Давайте не забывать: жизненная сила может оставить нас полностью – как покинула она динозавров – и за несколько миллионов лет создать более мудрое существо. Наш удел – служить высшему организму, часть которого мы составляем. Мы должны уважать жизнь и растить в себе истинного человека, потому что таким образом мы развиваем в себе нечто от Геи".
Анжелан вскинула руки:
– Хватит! – и расхохоталась. – Для меня это слишком мудрено.

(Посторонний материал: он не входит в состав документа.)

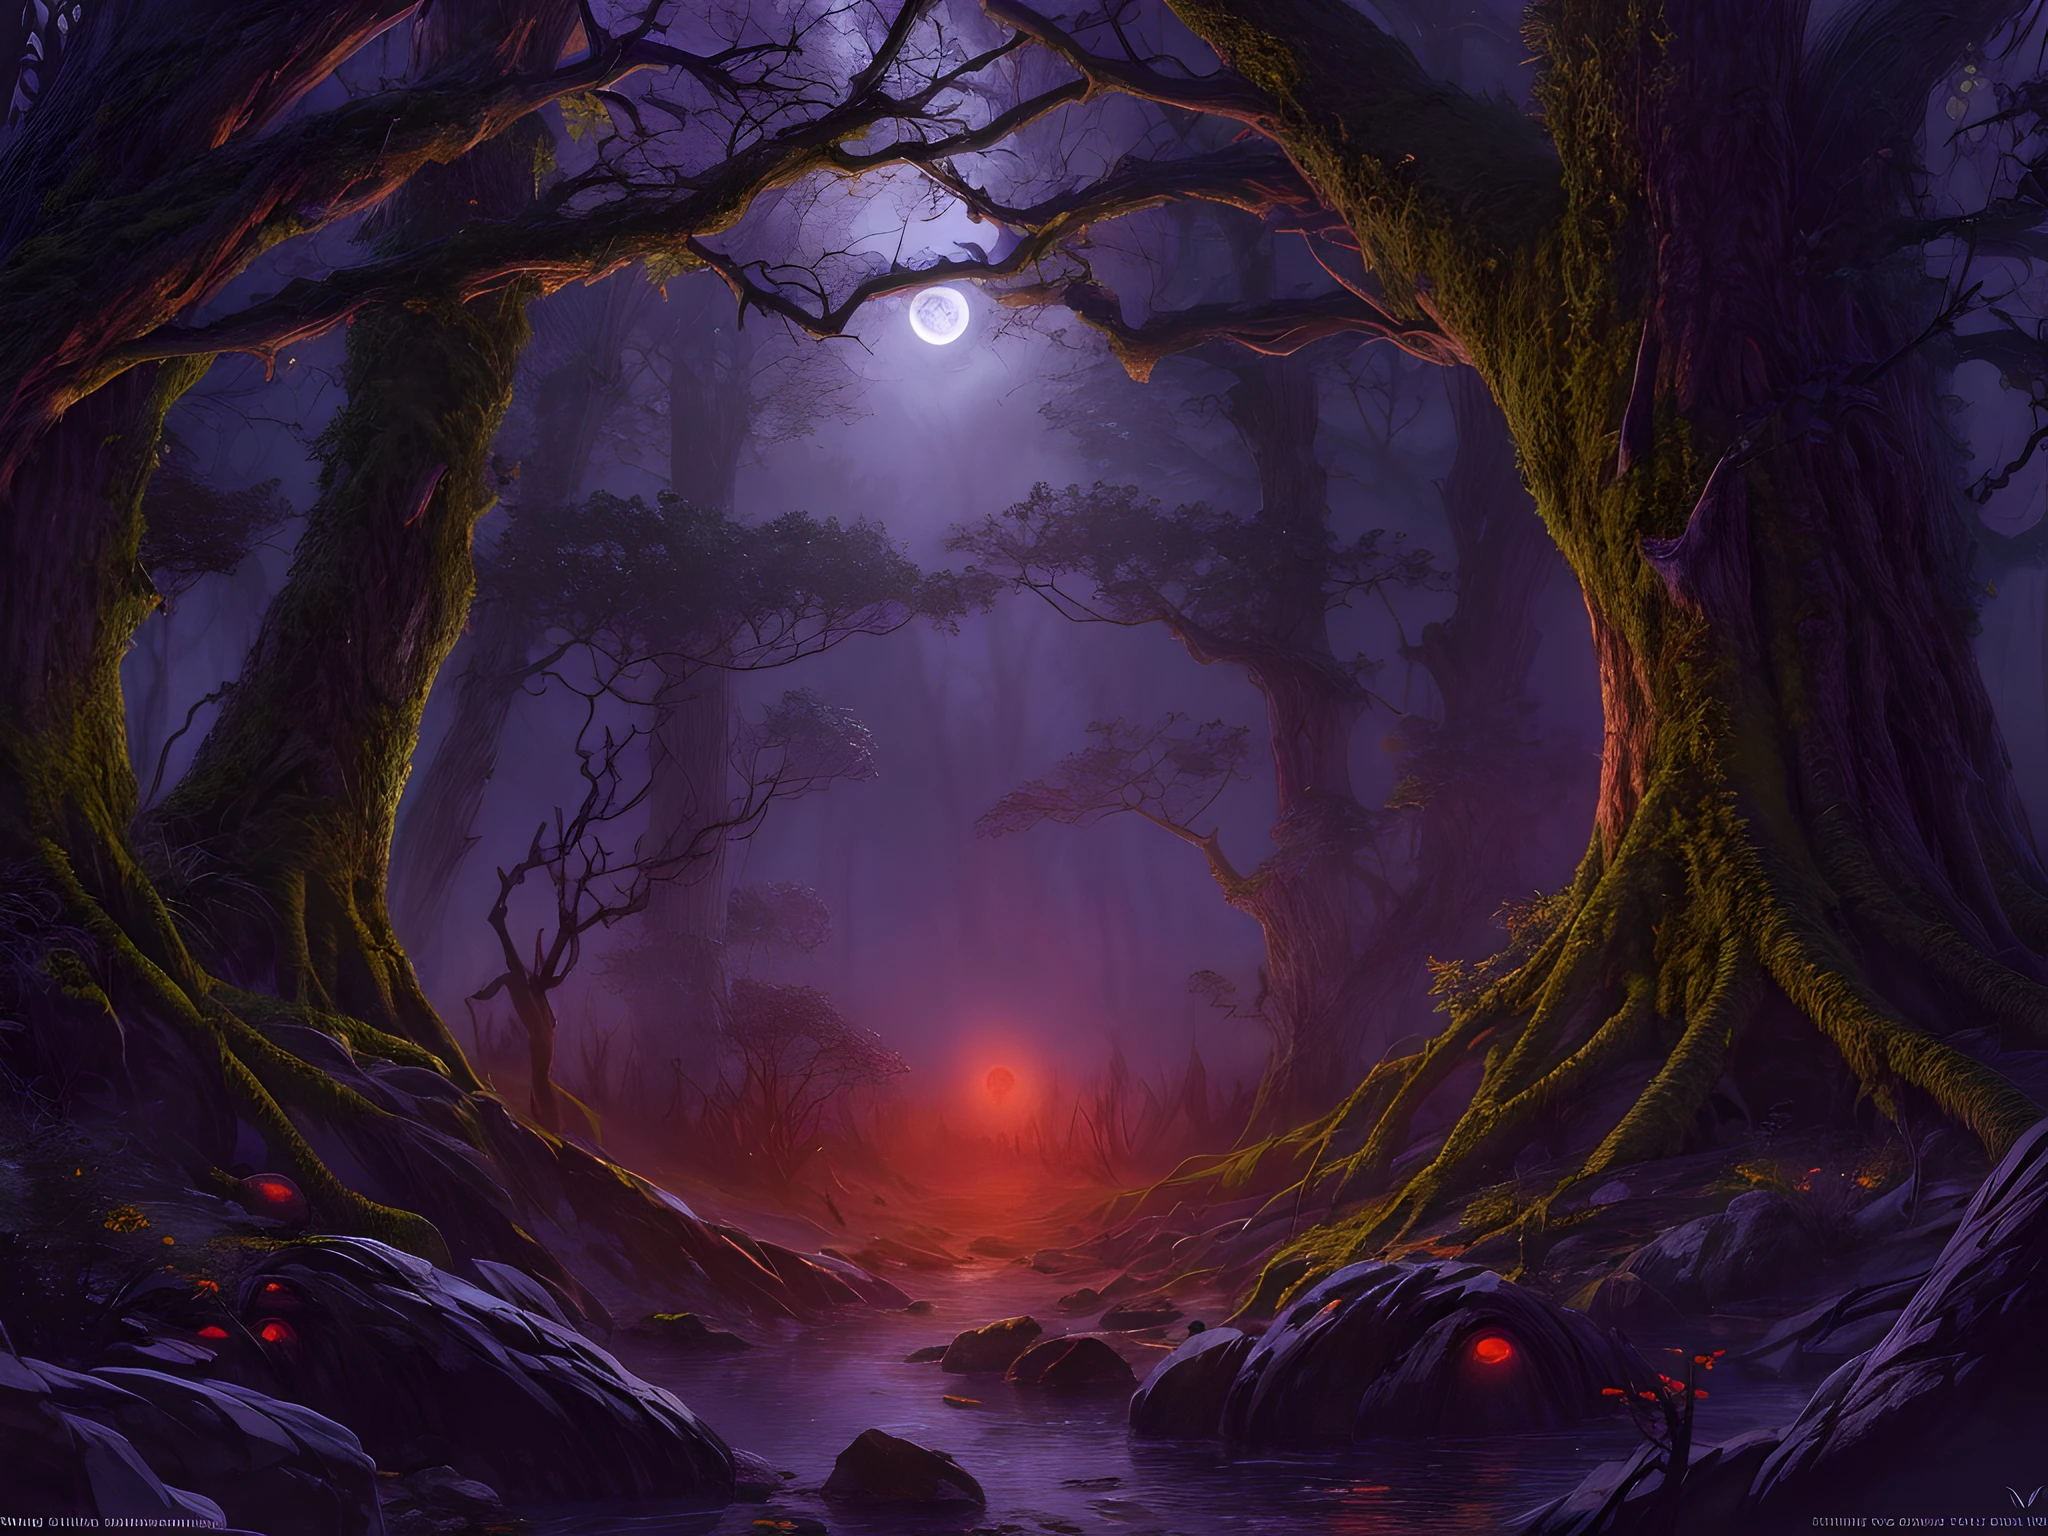 art fantastique, Art du RPG, plan ultra large, brut, photoréaliste, une image d&#39;une forêt sombre et fantastique, brume s&#39;élevant du sol, c&#39;est la nuit, la lune se lève à l&#39;horizon, pourtant il y a un (paire d&#39;yeux rouges de prédateur) tu vois entre les arbres, fond de forêt fantastique sombre, meilleure qualité, 16k, [ultra détaillé], chef-d&#39;œuvre, meilleure qualité, (ultra détaillé), Tout le corps, plan ultra large, photoréalisme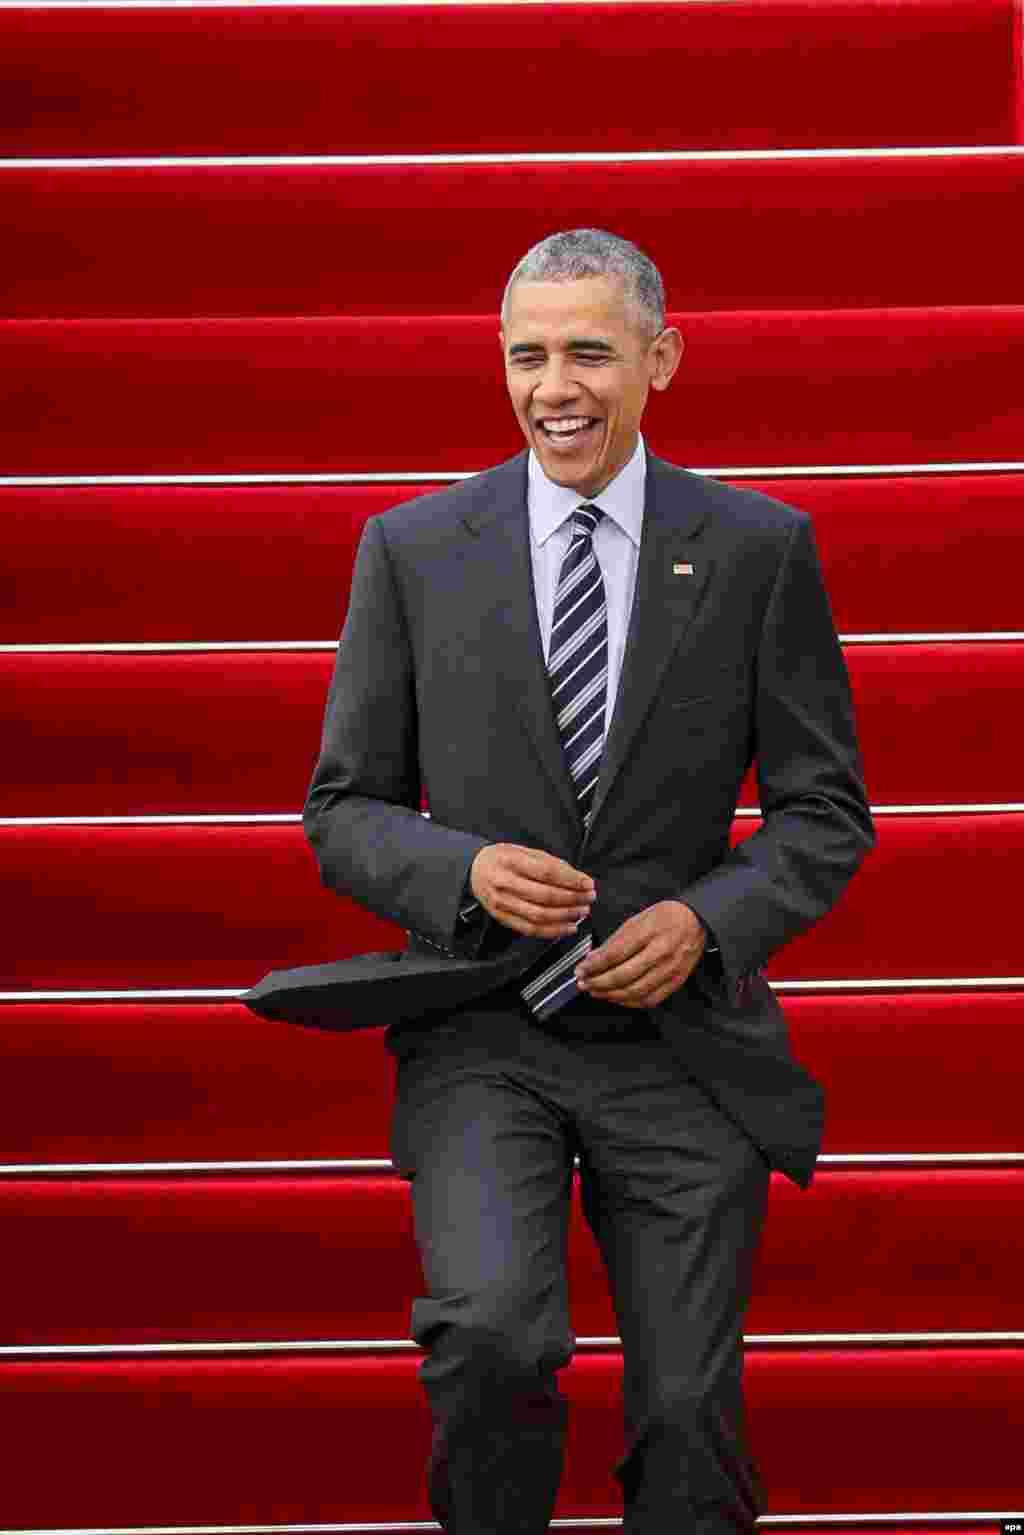 Tổng thống Obama bước xuống từ chuyên cơ&nbsp;Air Force One tại sân bay Tân Sơn Nhất với hình ảnh một vị tổng thống lịch lãm và năng động.

Фейлис закрыла книгу, потянулась к вину.
– Думаю, даже надеюсь, что вы согласитесь со мной: это не просто нагромождение языческих суеверий, – проговорила она.
– Да, конечно. Философия впечатляющая: однако, увы, кажется не для меня.
– Хм-м, ее принимали самые разные люди. Конечно, не многие из них разбирались во всех тонкостях и не все схватывали сразу. Сложно по-настоящему понять ее глубины.
– Ну, вы такая усидчивая… наверное, я кажусь вам легкомысленной.
– Ах нет…
– А я не претендую на глубину. Мне нравится наслаждаться собой. Что еще может нас порадовать в жизни? – И быстро добавила:
– Да, дорогая, вы рассказали мне о том, что у вас есть… для интеллекта. Но разве вам не хочется иногда развлечься?
Фейлис закусила губу.
– Случается, иногда.
Анжелан сочувственно качнула головой.
– Но, увы, не так уж часто? Вашего мужа все время нет дома – дела, но у вас нет никого, а друзья чересчур невнимательны… – Улыбка сделалась кислой. – Кроме того, и Скайгольм разочаровал вас. Во всяком случае, я могу это сказать о себе. Спортивные занятия в гимнастическом зале меня не развлекают. Театры, концерты и лекции надоели. Танцы и другие общественные увеселения здесь не приняты. Медитировать о многих вещах истории, окружающих нас… Ха!
Фейлис слабо улыбнулась:
– Мне нравится ваша откровенность.
Анжелан перегнулась через стол и прикоснулась к руке хозяйки.
– Ну что ж, мы с Жоуеном можем развлечь вас, пока мы еще не уехали. А вы в свой черед – нас. Все, что я читала в газетах или слыхала об Иерне, свидетельствует, что он человек веселый, когда хочет этого. А когда вы сможете прийти?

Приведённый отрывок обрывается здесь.